That’s the response of Neil Harrold, chair of insolvency trade body R3 in the North East and a partner with Hay & Kilner Solicitors, to proposals that would see Companies House erase their records of closed businesses after six years, as opposed to the 20 years for which they’re currently held.
Companies House has stated that the rule change “is being considered following a number of complaints made by members of the public who believe that retaining, and making publicly available, information relating to long-dissolved companies is inconsistent with data protection law.”
But Neil Harrold believes such a move would be detrimental to insolvency practitioners’ fraud investigations, hindering their efforts to detect suspected fraudulent behaviour by company directors and potentially impacting on the returns they can secure for creditors of defunct firms.
Neil Harrold says: “It’s not uncommon to discover directors that are involved in several companies which have gone out of business, and deleting records after the short period of time that is being proposed would destroy evidence, hide past director behaviour and effectively give fraudsters a clean slate to repeat what they’ve done before.
“Insolvency practitioners investigate company directors and return money to creditors once a company enters insolvency.
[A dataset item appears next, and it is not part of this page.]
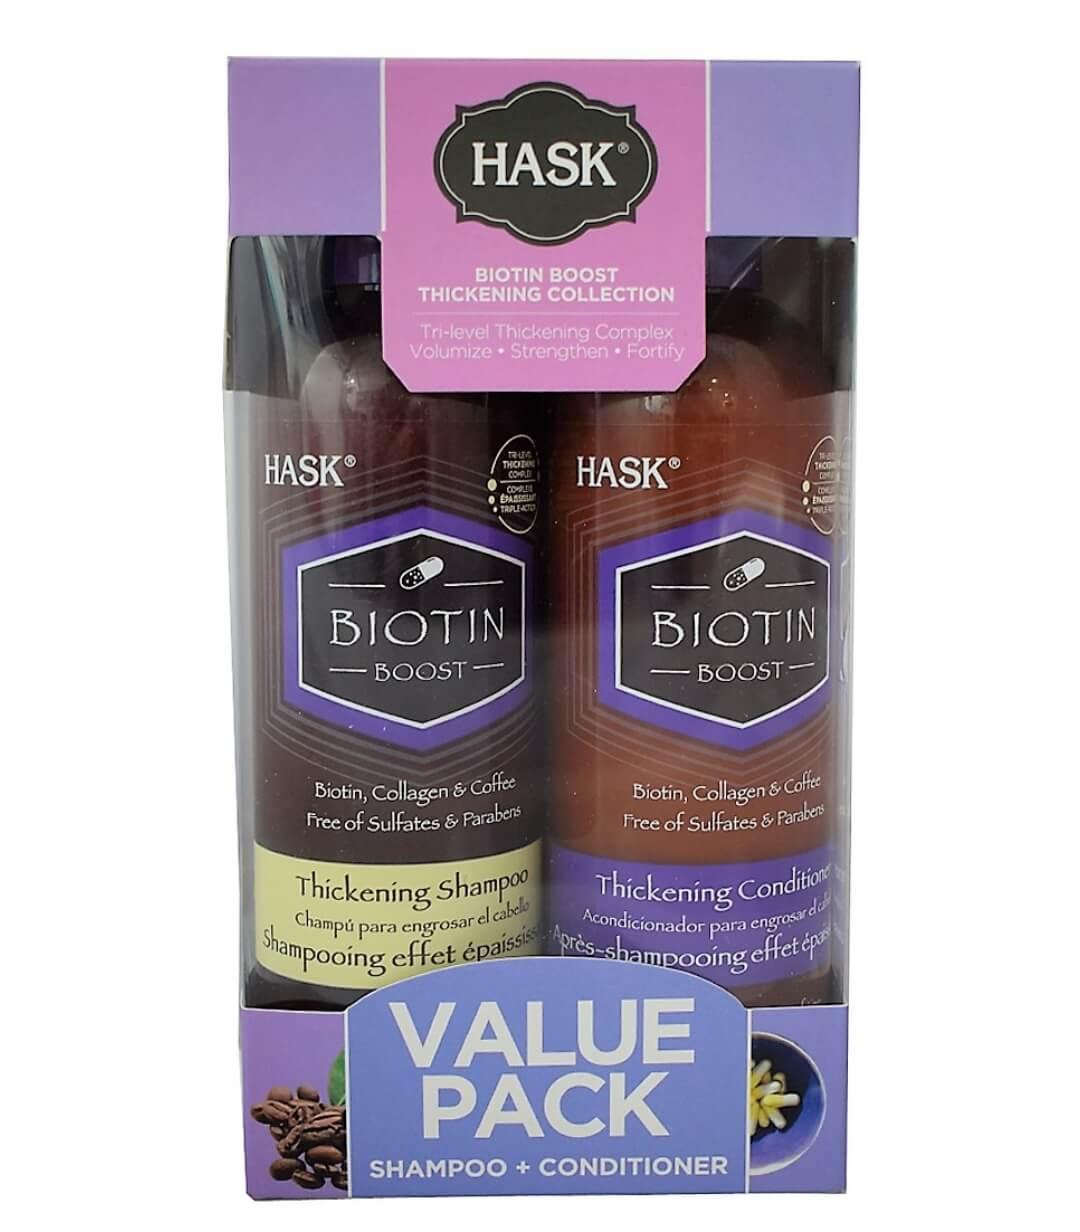 Hask Biotin Shampoo 355ml & Conditioner 355ml Value Pack
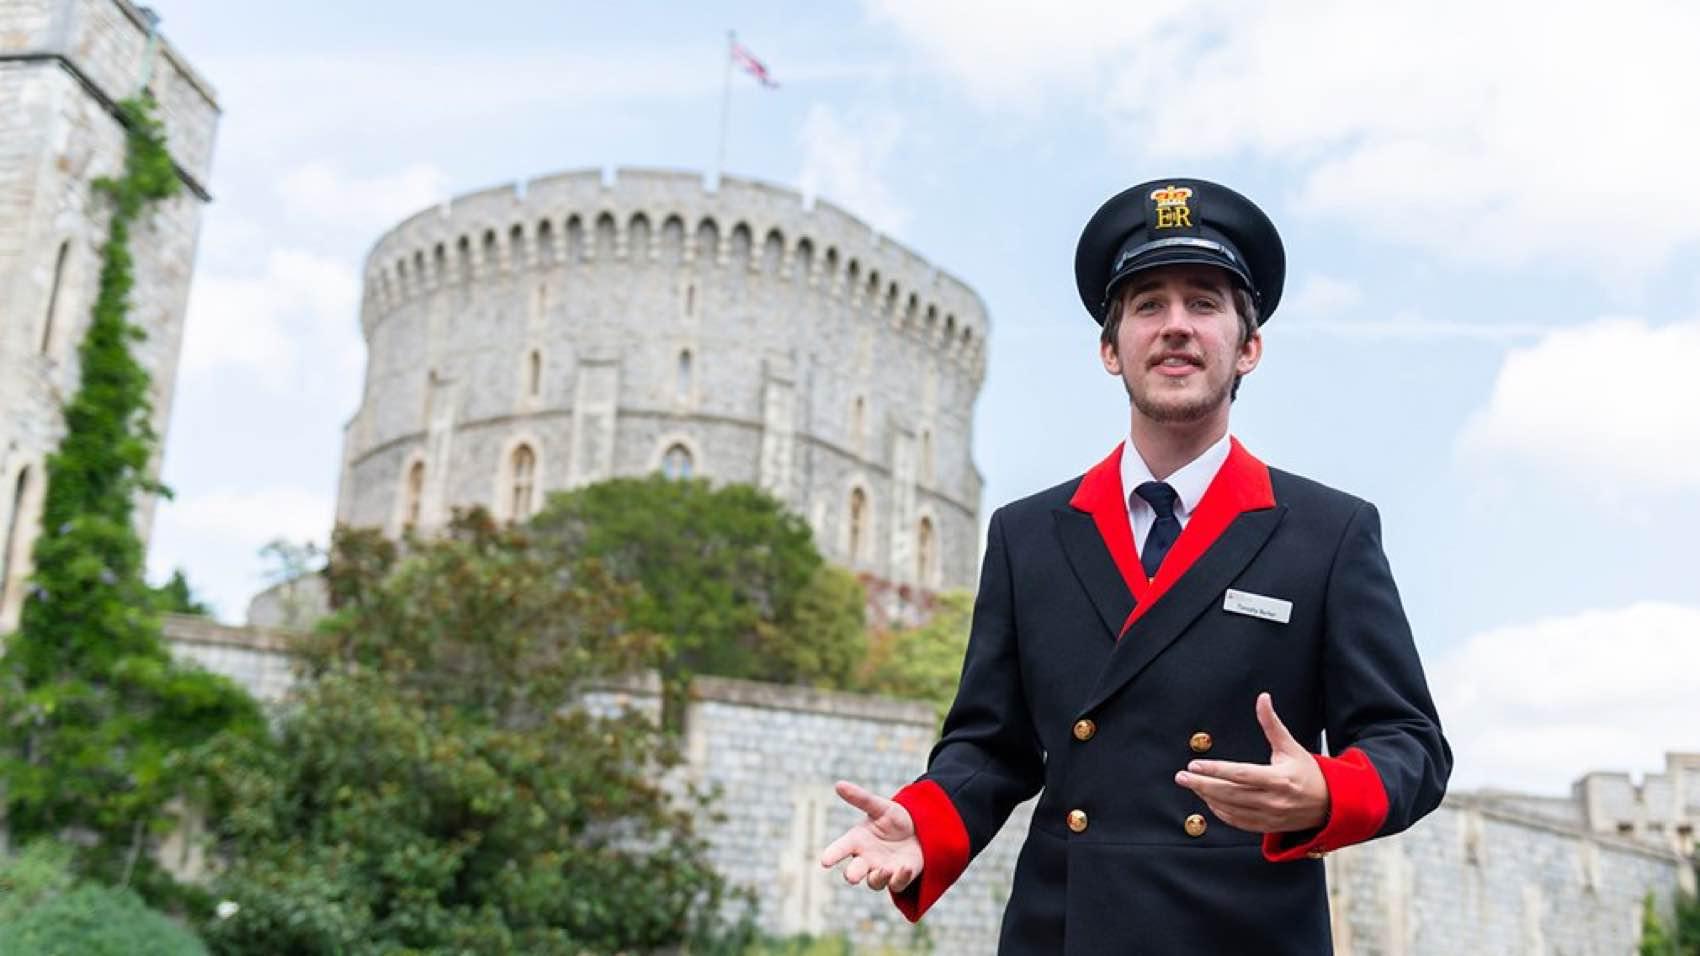 A Guide at Windsor Castle

It can take time to find out the whole truth in a given situation, and even longer to trace hidden assets.
“While repeated company failures do not necessarily signal wrongdoing by anyone, it’s very useful to have evidence of directors’ track records when investigating what has happened to a failed business.
“Fraudsters often dissolve their corporate vehicles in the hope that no one will pursue them, and it’s not unusual for action to be taken against a dissolved company many years later, so if we were unable to look back over a long enough period, there’s a real danger that corporate crimes could go undetected and creditor returns lost forever.
Neil Harrold is also highlighting the dangers that innocent business owners could face when working with individuals about whom they don’t have the whole picture.
He continues: “From an entrepreneur’s point of view, it’s essential that they know who they’re doing business with, whether as a partner in a new venture they’re setting up or as a supplier who needs to have confidence they’re going to get their invoices paid.
“The histories of dissolved companies needs to remain easily available over the long term, and the only people who would benefit from the removal of so much vital information from the public eye would be those who repeatedly open and close businesses for fraudulent purposes.”